Now, we have agents—powered by large language models, multi-modal inputs, and the ability to handle tasks in an “autonomous” way. According to Biilmann, “we need to start focusing on AX or ‘agent experience’—the holistic experience AI agents will have as the user of a product or platform.”
Agents as a Driving Force
Investing in agent experience will be table stakes as more and more companies launch agents and users shift to using other products via those agents instead of directly interfacing with the UI.
- Agents are more than generative—they have “agency,” meaning they can initiate actions and transactions rather than simply responding to user queries.
- Tools or platforms poorly suited for LLMs will quickly fall behind, because humans will lean on the AI that best orchestrates their tasks.
- Open Ecosystems will likely outperform closed “vertical” integrations in the long run. If you welcome any agent a user prefers—complete with easy onboarding, open APIs, and secure authentication flows—your product becomes more powerful and “agent-friendly.”
As we’ll discuss later, making your system accessible via OAuth is one of the biggest steps you can take to ensure a high-quality agent experience.
Building a Great Agent Experience
Many of the principles that have been foundational to UX and DX will apply to AX as well, but some things won’t carry over. We have UIs because humans are incredible at deriving meaning from icons and visuals; humans communicated with pictures long before we invented written language.

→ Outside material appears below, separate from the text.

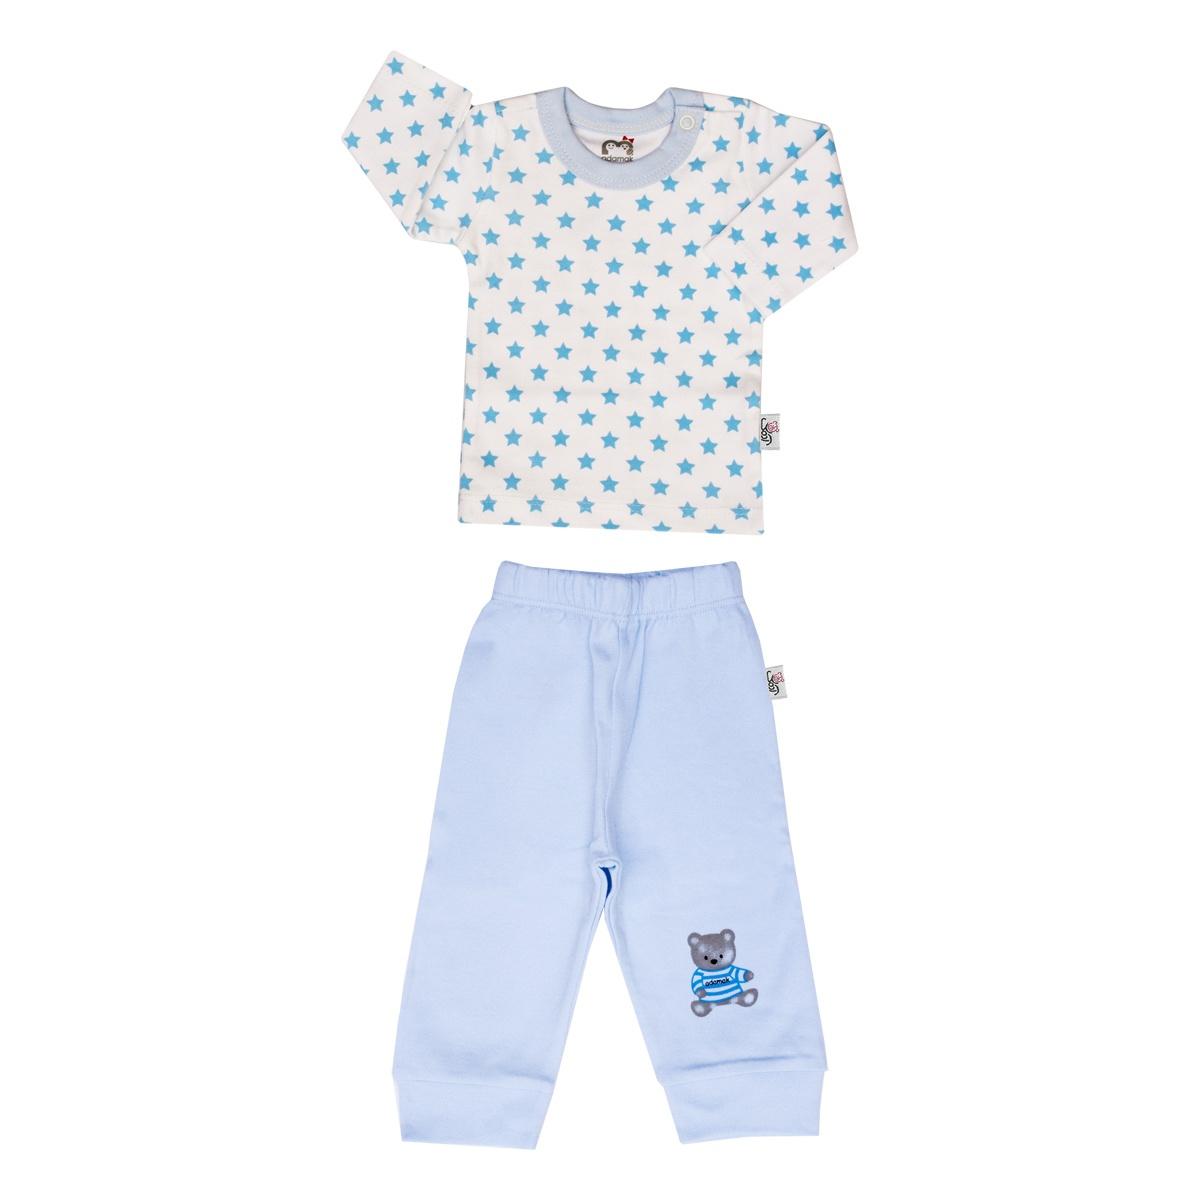 ست تی شرت و شلوار نوزادی پسرانه آدمک طرح ستاره آبی  کد 04
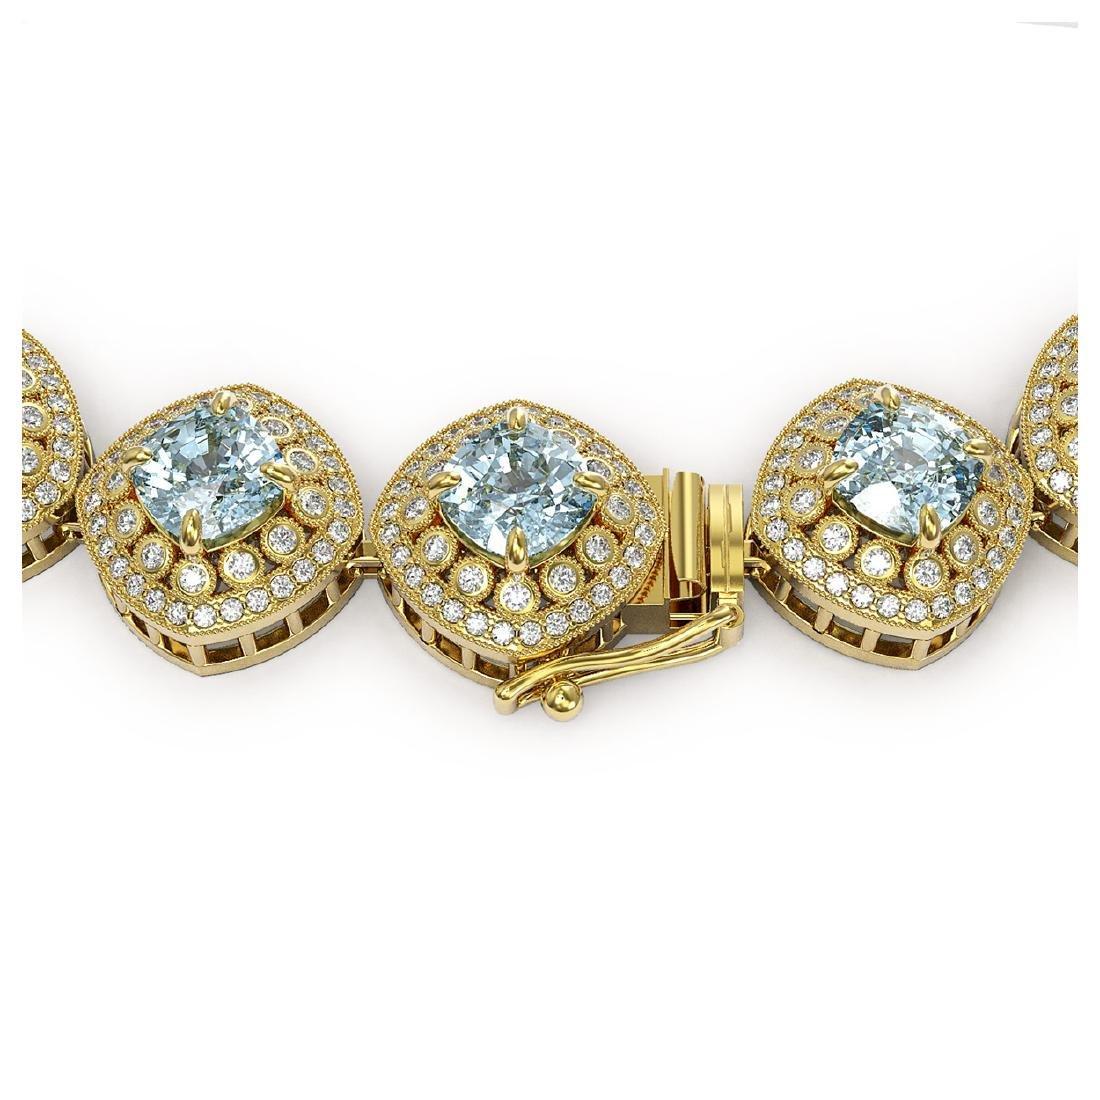 72.27 ctw Aquamarine & Diamond Necklace 14K Yellow Gold - 3

In contrast, AI’s native language is numerical embeddings – both text and images need to be translated, but images don’t have the same “natural” tokenization that text does, and can be far more computationally expensive. Therefore, we should orient AX around methods of communication that computers are best at and optimized for their consumption – browsers are slow, client code takes time to render. Key principles for great AX include:
- Clean, Well-Defined API: An API originally designed with good DX in mind is a solid starting point for agents. Many apps that have never needed APIs before will need to invest in building them or investing in more comprehensive APIs to ensure agents have access to complete functionality. Focus on clear documentation, well-structured data, and stable endpoints to give agents a reliable way to interact with your product.
- Easy User Onboarding: Ideally, both the human user and the agent can get started with minimal friction. Providing a streamlined flow—like a single command or a concise OAuth handshake—ensures that agents can operate quickly while users stay in control.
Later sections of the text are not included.